Information provided

==========

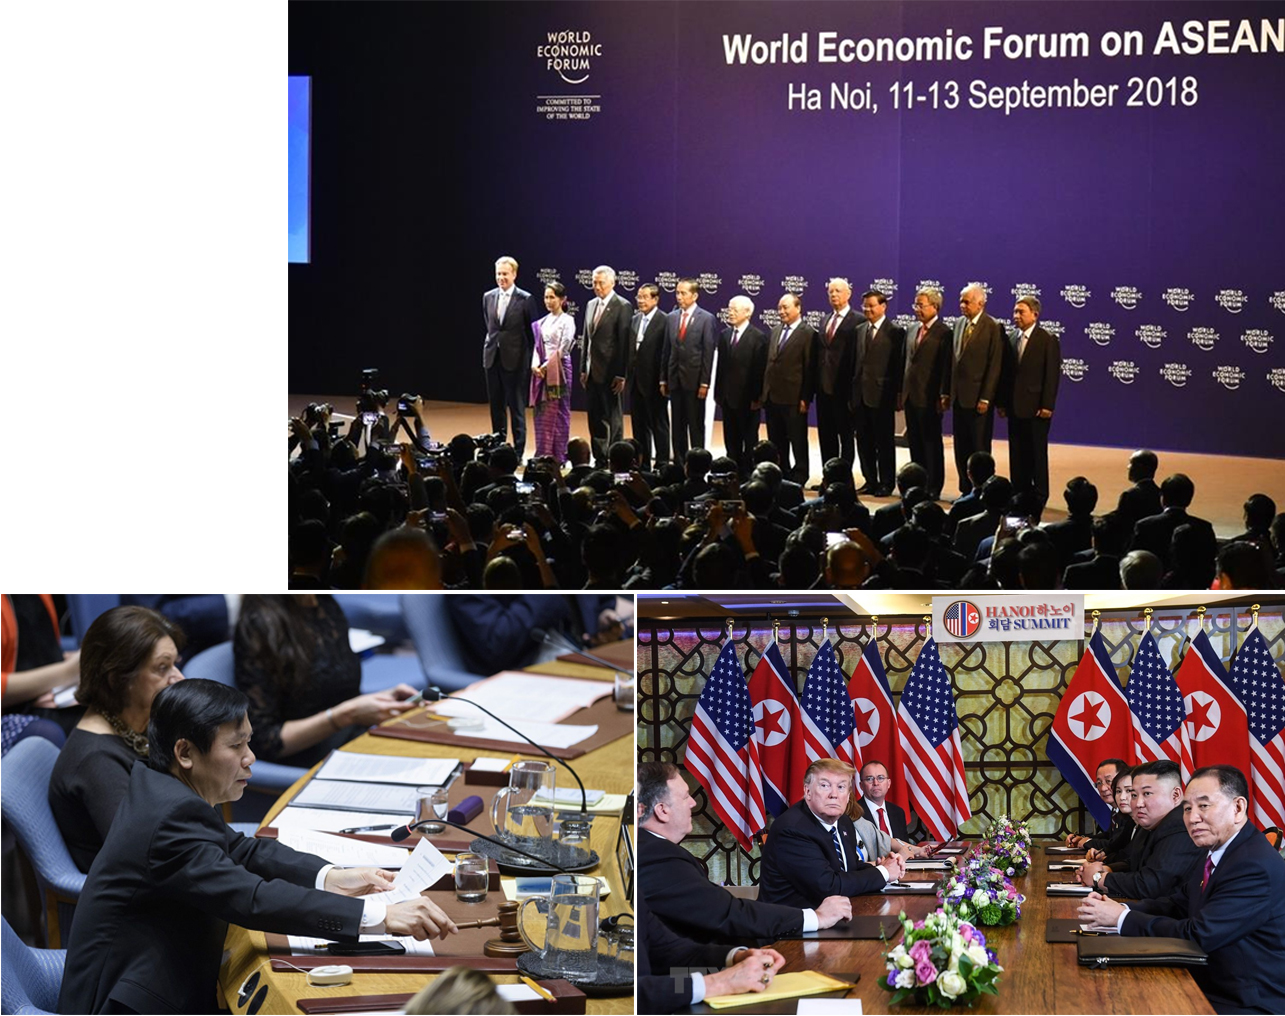 Trong các năm vừa qua, Việt Nam gặt hái được nhiều thành tựu lớn về ngoại giao như tổ chức Diễn đàn kinh tế thế giới, Hội nghị thượng đỉnh Mỹ - Triều Tiên; được bầu là thành viên không thường trực của Hội đồng Bảo an Liên hợp quốc...
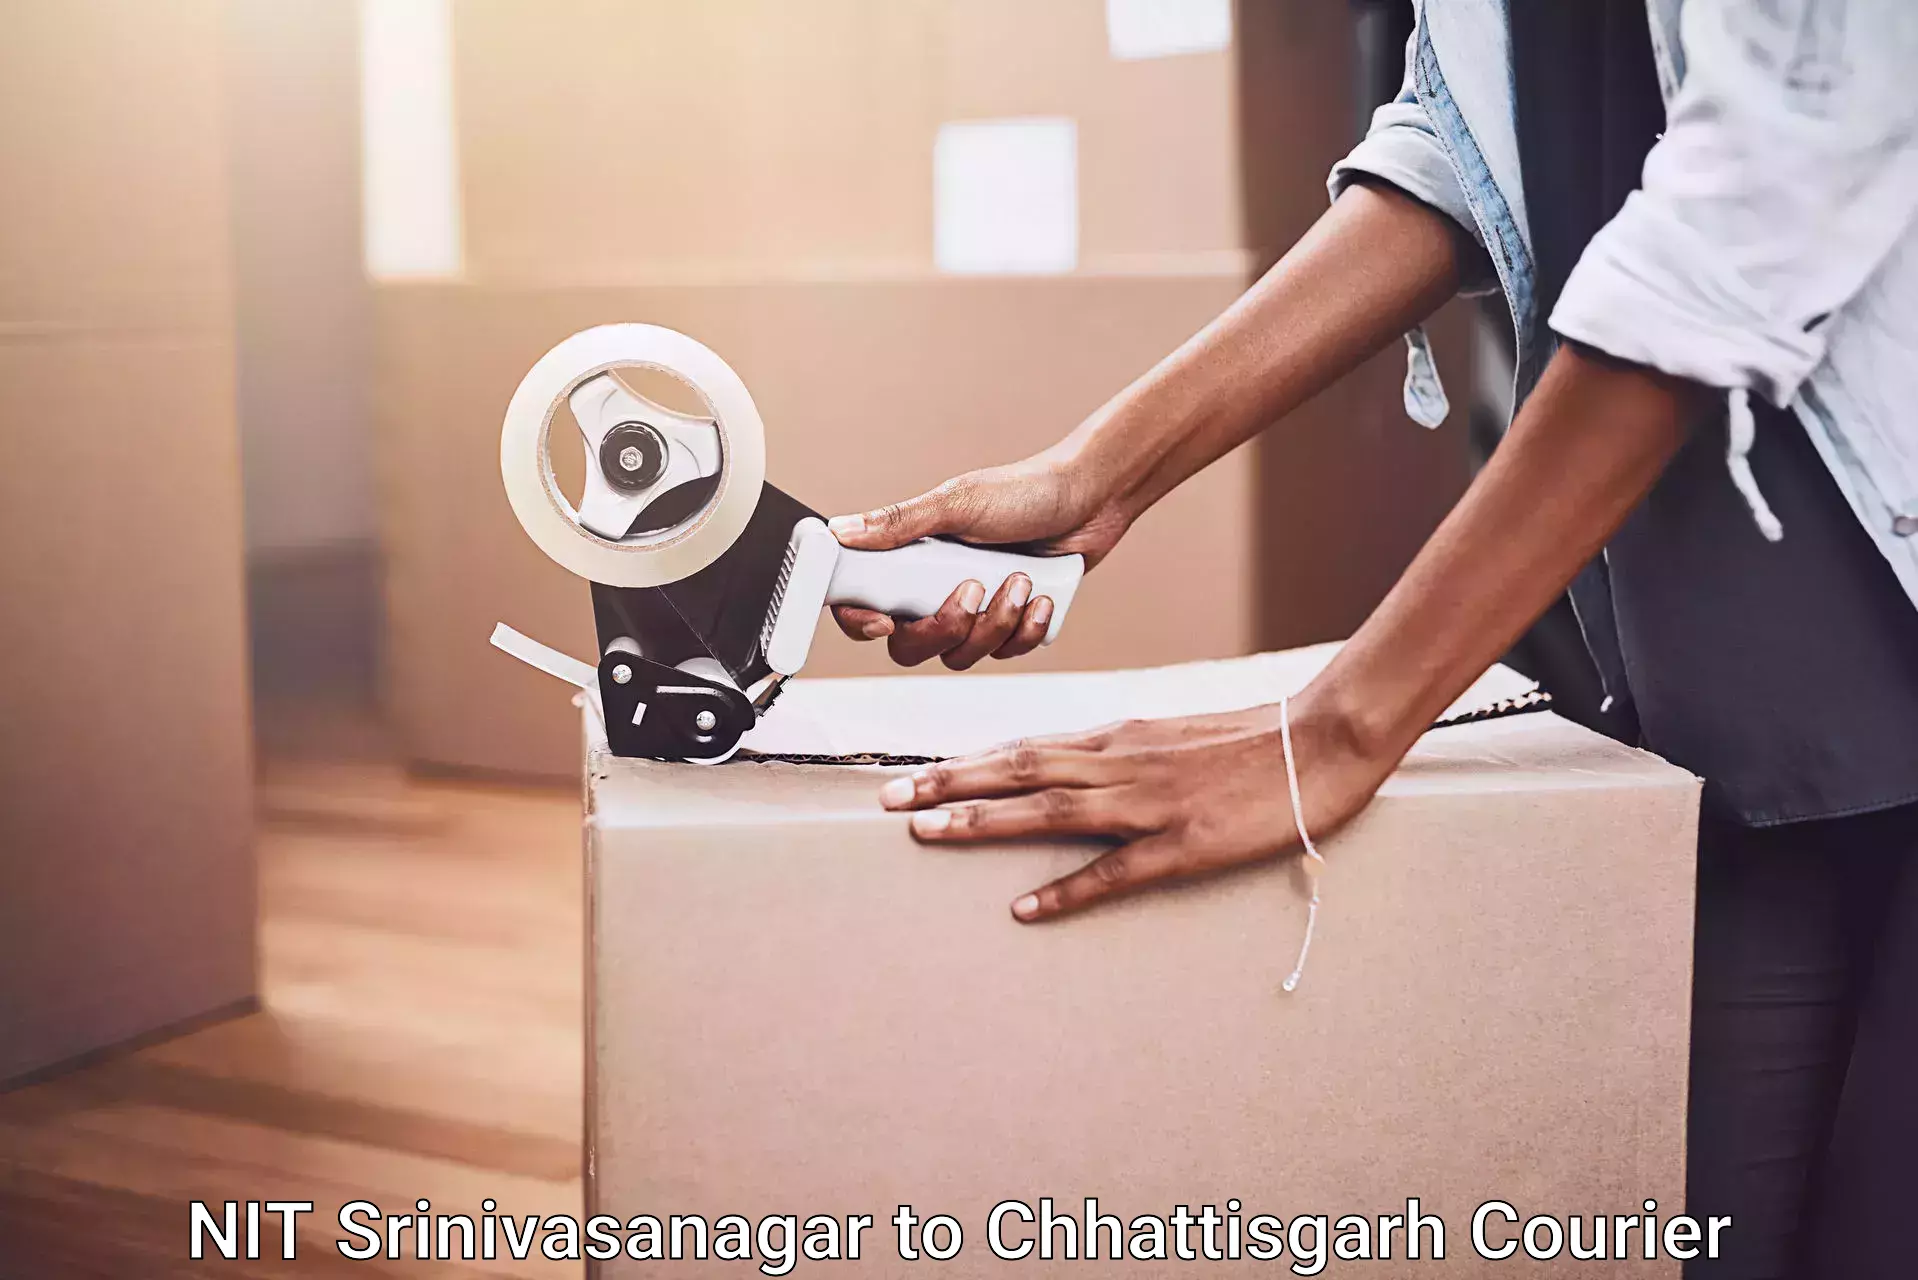 Furniture delivery service NIT Srinivasanagar to Chhattisgarh
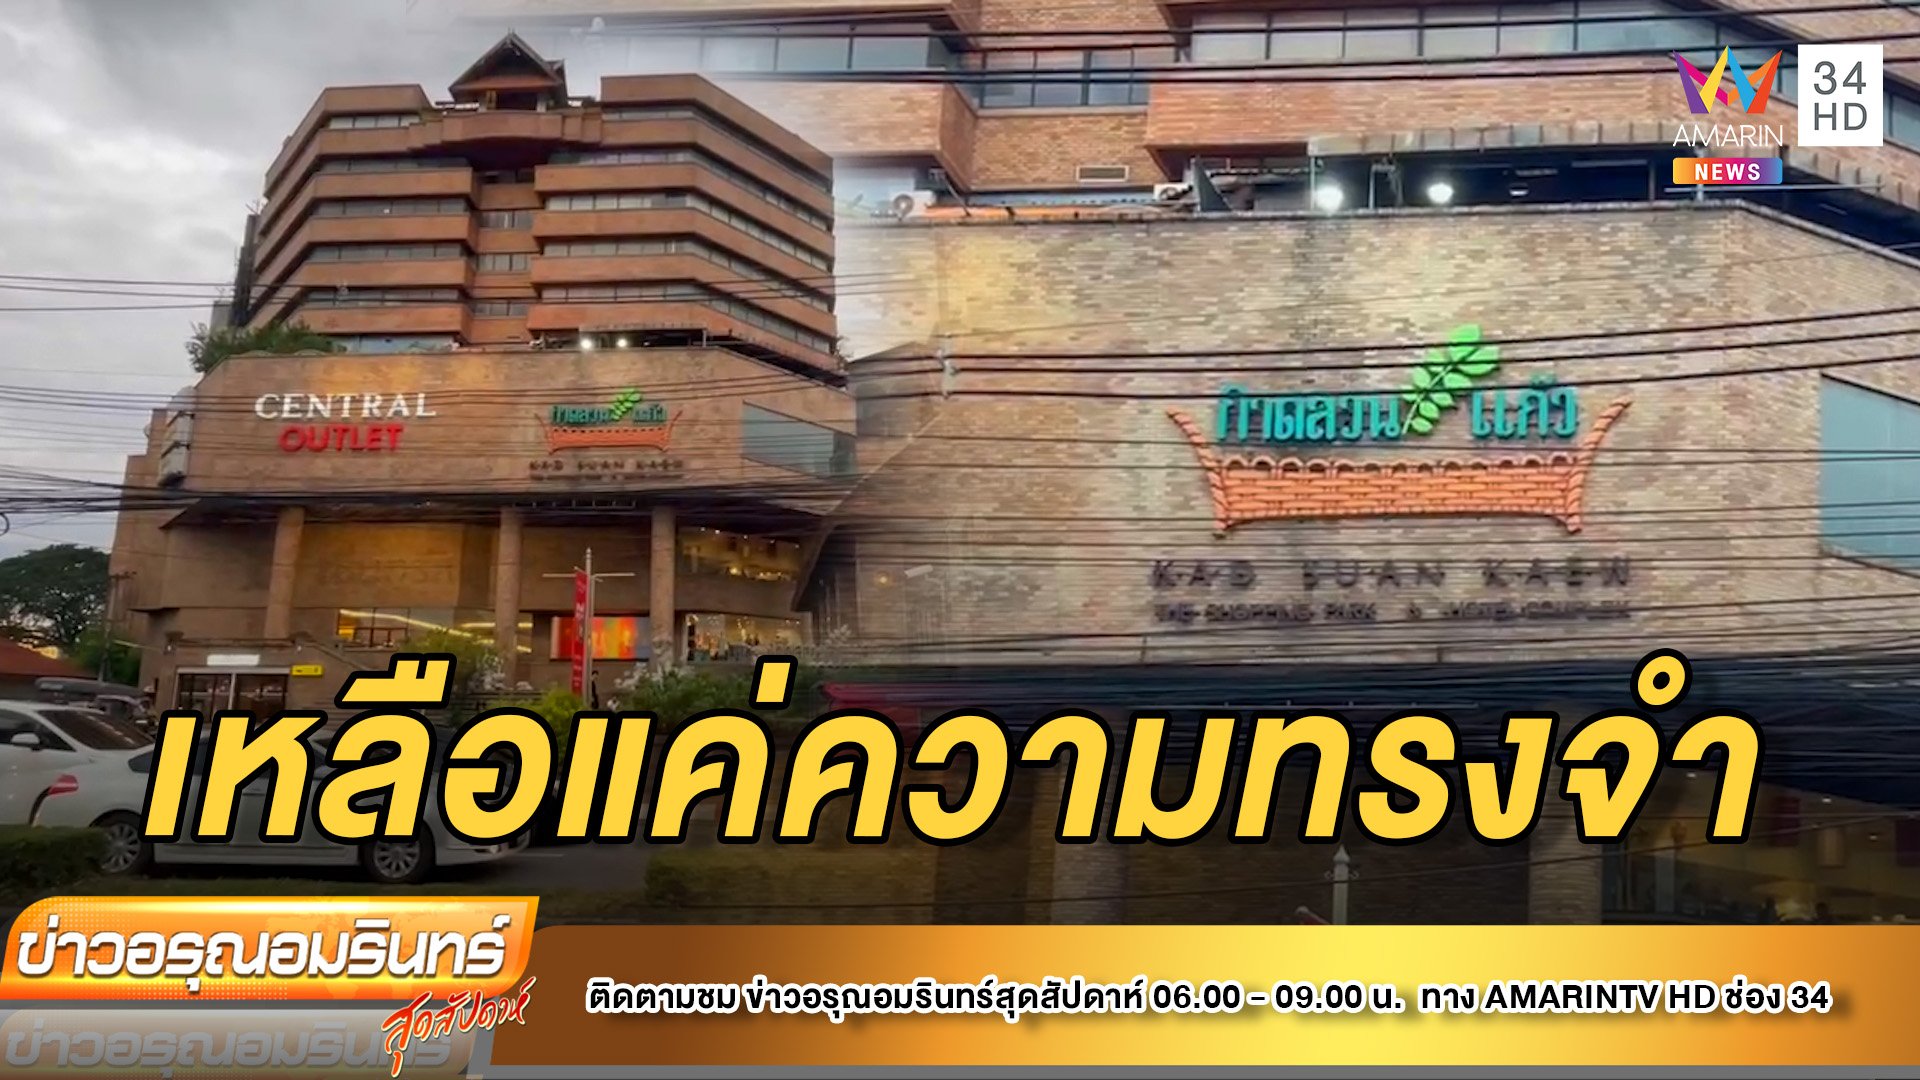 ปิดตำนาน 30 ปี “กาดสวนแก้ว” – เบอร์เกอร์สาขาแรกในไทย | ข่าวอรุณอมรินทร์ | 18 มิ.ย. 65 | AMARIN TVHD34

==========

Write the listing out exactly, apart from its pictures.

Exercise response
 Trong các năm vừa qua, Việt Nam gặt hái được nhiều thành tựu lớn về ngoại giao như tổ chức Diễn đàn kinh tế thế giới, Hội nghị thượng đỉnh Mỹ - Triều Tiên; được bầu là thành viên không thường trực của Hội đồng Bảo an Liên hợp quốc...
 Furniture delivery service NIT Srinivasanagar to Chhattisgarh
 ปิดตำนาน 30 ปี “กาดสวนแก้ว” – เบอร์เกอร์สาขาแรกในไทย | ข่าวอรุณอมรินทร์ | 18 มิ.ย. 65 | AMARIN TVHD34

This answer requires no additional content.